US 12,462,423 B2
	Scene embedding for visual navigation
Abel Karl Brown, Dumfries, VA (US); and Robert Stephen DiPietro, Baltimore, MD (US)
Assigned to NVIDIA Corporation, Santa Clara, CA (US)
Filed by Nvidia Corporation, Santa Clara, CA (US)
Filed on Jan. 19, 2021, as Appl. No. 17/152,308.
Application 17/152,308 is a continuation of application No. 16/216,458, filed on Dec. 11, 2018, granted, now 10,902,616.
Claims priority of provisional application 62/718,302, filed on Aug. 13, 2018.
Prior Publication US 2021/0142491 A1, May 13, 2021
Int. Cl. G06T 7/73 (2017.01); G05D 1/00 (2024.01); G06F 18/214 (2023.01); G06T 7/246 (2017.01); G06V 10/77 (2022.01); G06V 10/82 (2022.01); G06V 20/10 (2022.01); G06V 20/40 (2022.01)

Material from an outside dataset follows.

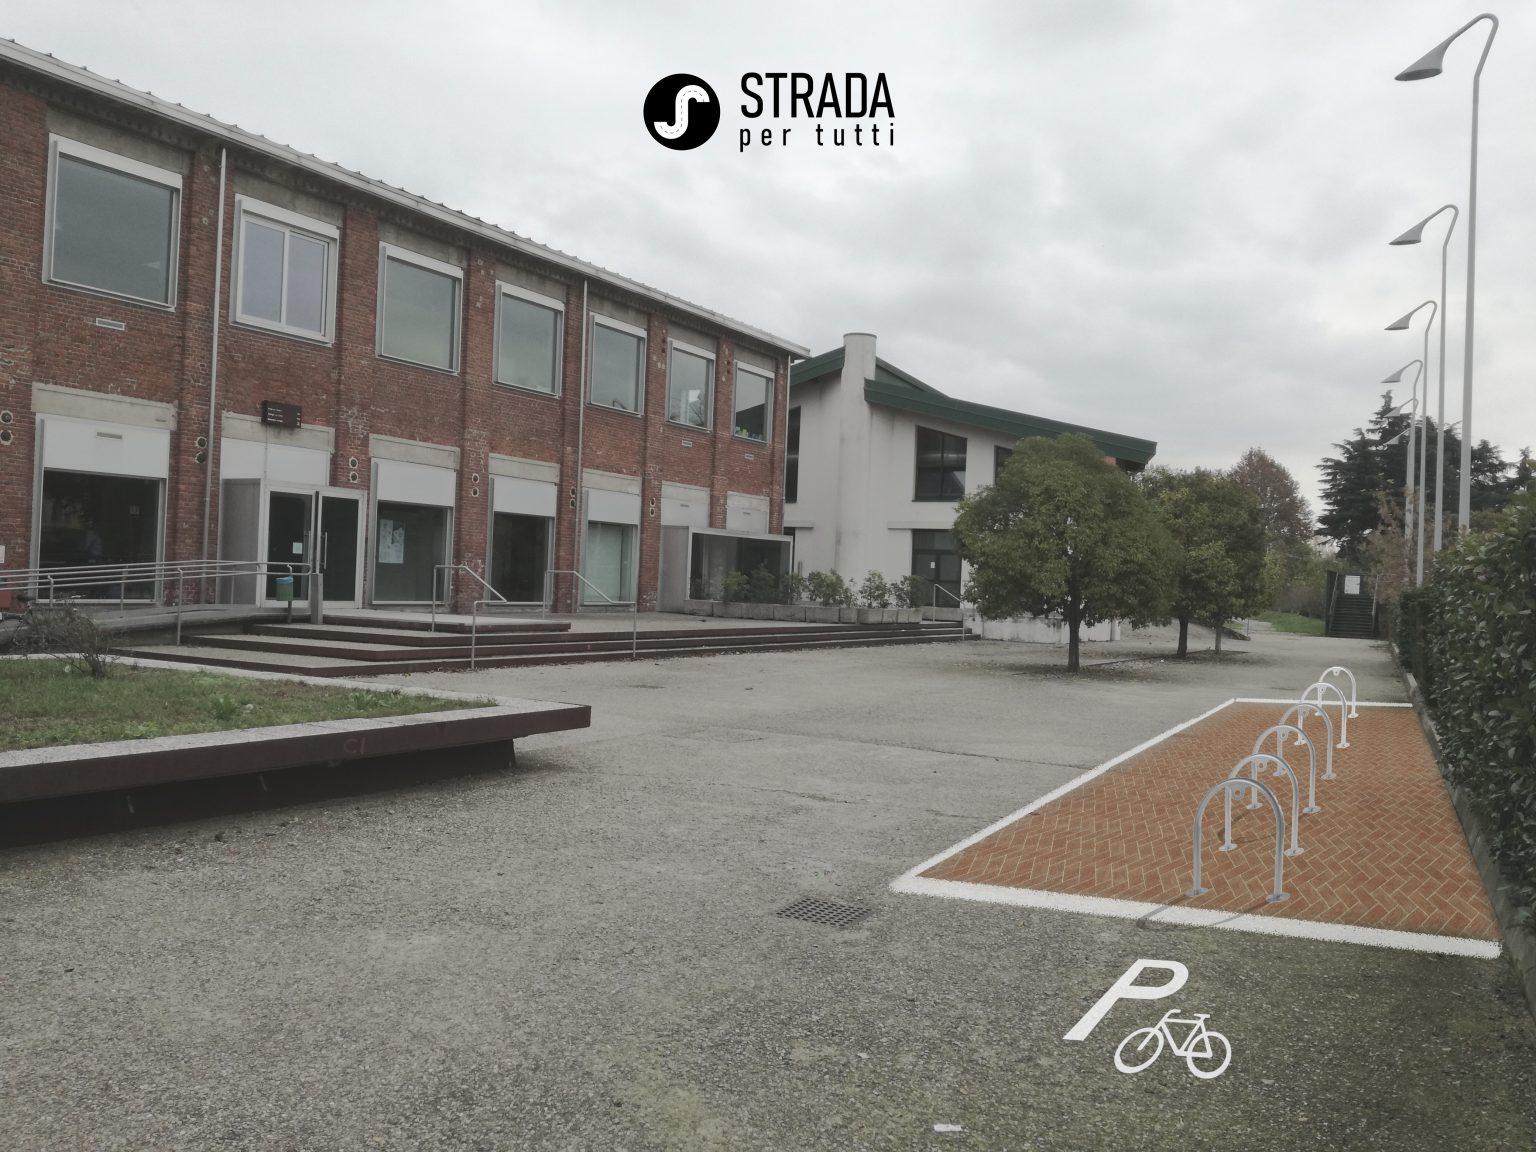 Parcheggio Biciclette (3/5)
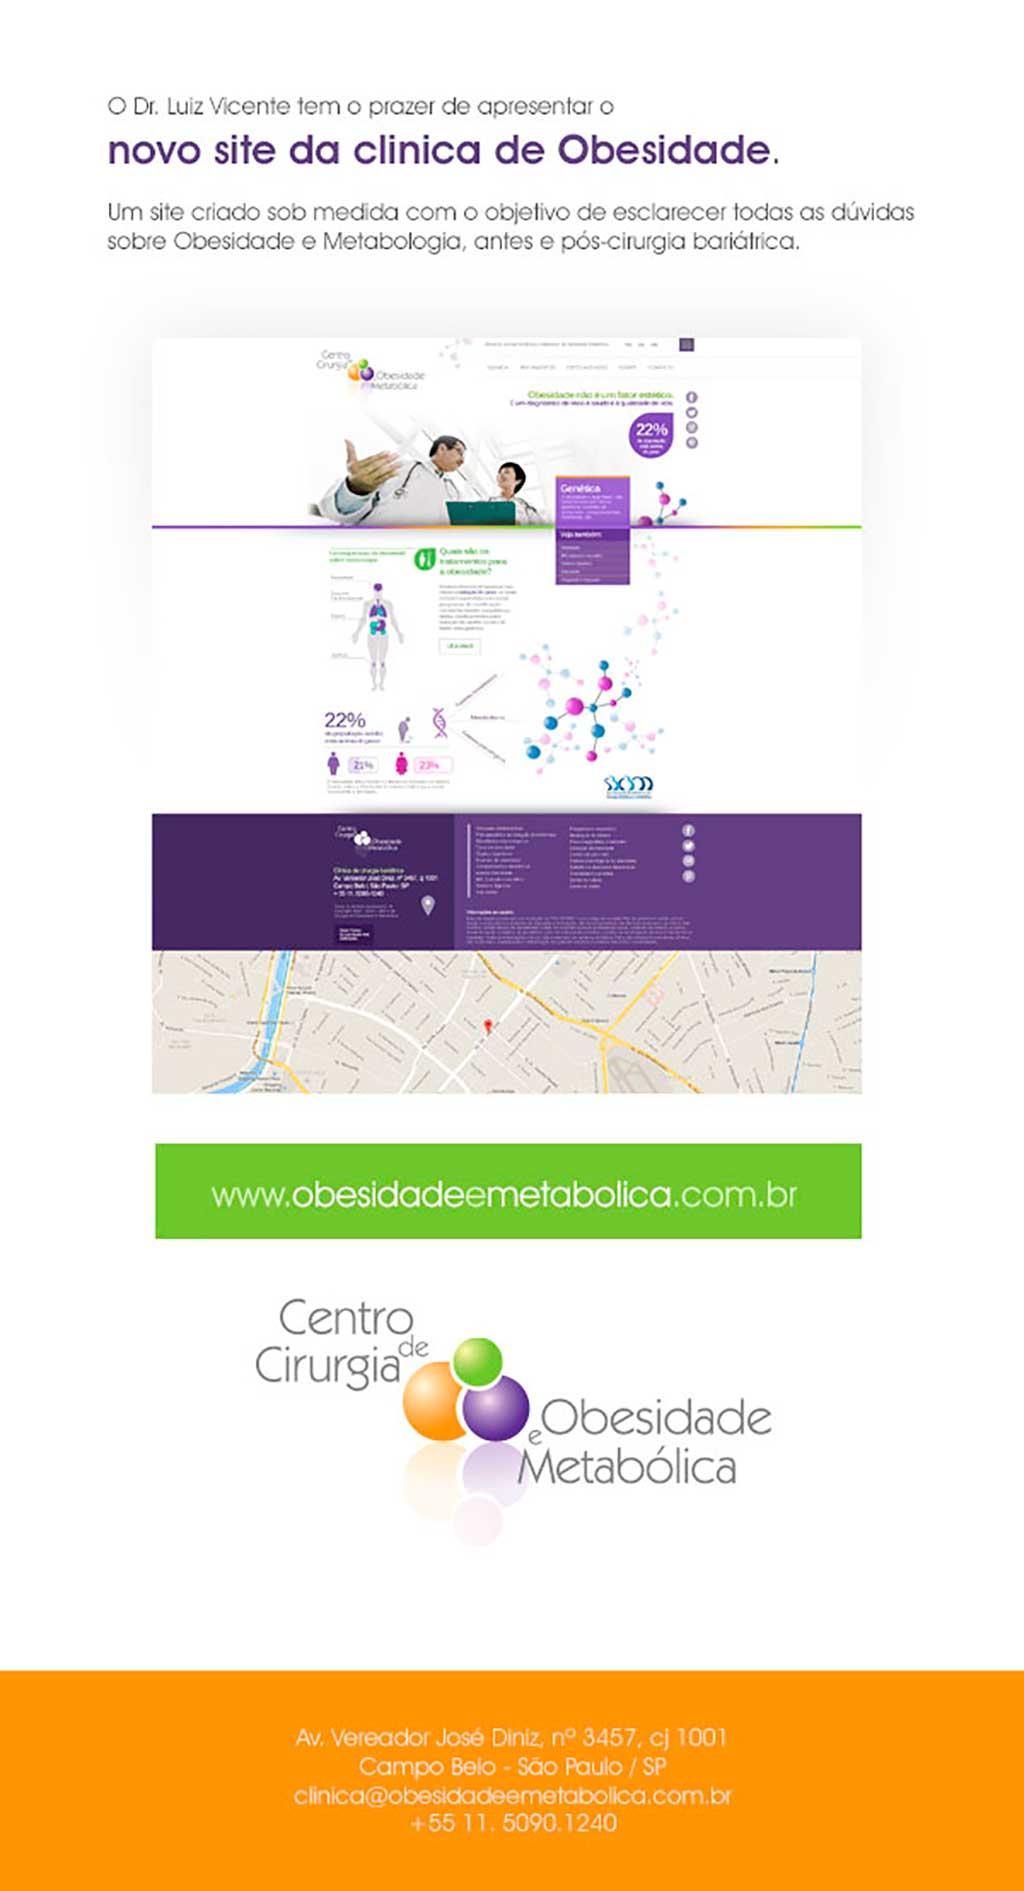 lancamento-site-obesidade_02-12-2014

CPC G06T 7/74 (2017.01) [G05D 1/0088 (2013.01); G05D 1/0221 (2013.01); G05D 1/0231 (2013.01); G06F 18/214 (2023.01); G06T 7/248 (2017.01); G06V 10/7715 (2022.01); G06V 10/82 (2022.01); G06V 20/10 (2022.01); G06V 20/46 (2022.01); G06V 20/49 (2022.01); G06T 2207/10016 (2013.01); G06T 2207/20081 (2013.01); G06T 2207/20084 (2013.01); G06T 2207/30241 (2013.01); G06T 2207/30248 (2013.01)]

19 Claims

1. One or more processors, comprising:

circuitry to use one or more neural networks to control direction of a vehicle based, at least in part, on one or more sets of three or more images comprising two or more non-consecutive video frames, and one or more dissimilarities between one or more features of the two or more non-consecutive video frames.

8. A vehicle, comprising:

one or more processors to use one or more neural networks to control direction of the vehicle based, at least in part, on one or more sets of three or more images comprising two or more non-consecutive video frames, and one or more dissimilarities between one or more features of the two or more non-consecutive video frames.

15. A method, comprising:

using one or more neural networks to control direction of a vehicle based, at least in part, on one or more dissimilarities between one or more features of two or more non-consecutive video frames, wherein

the one or more neural networks are to generate one or more topological representations of an environment corresponding to one or more vector space models determined based at least in part upon one or more temporal sequences of one or more images of the environment.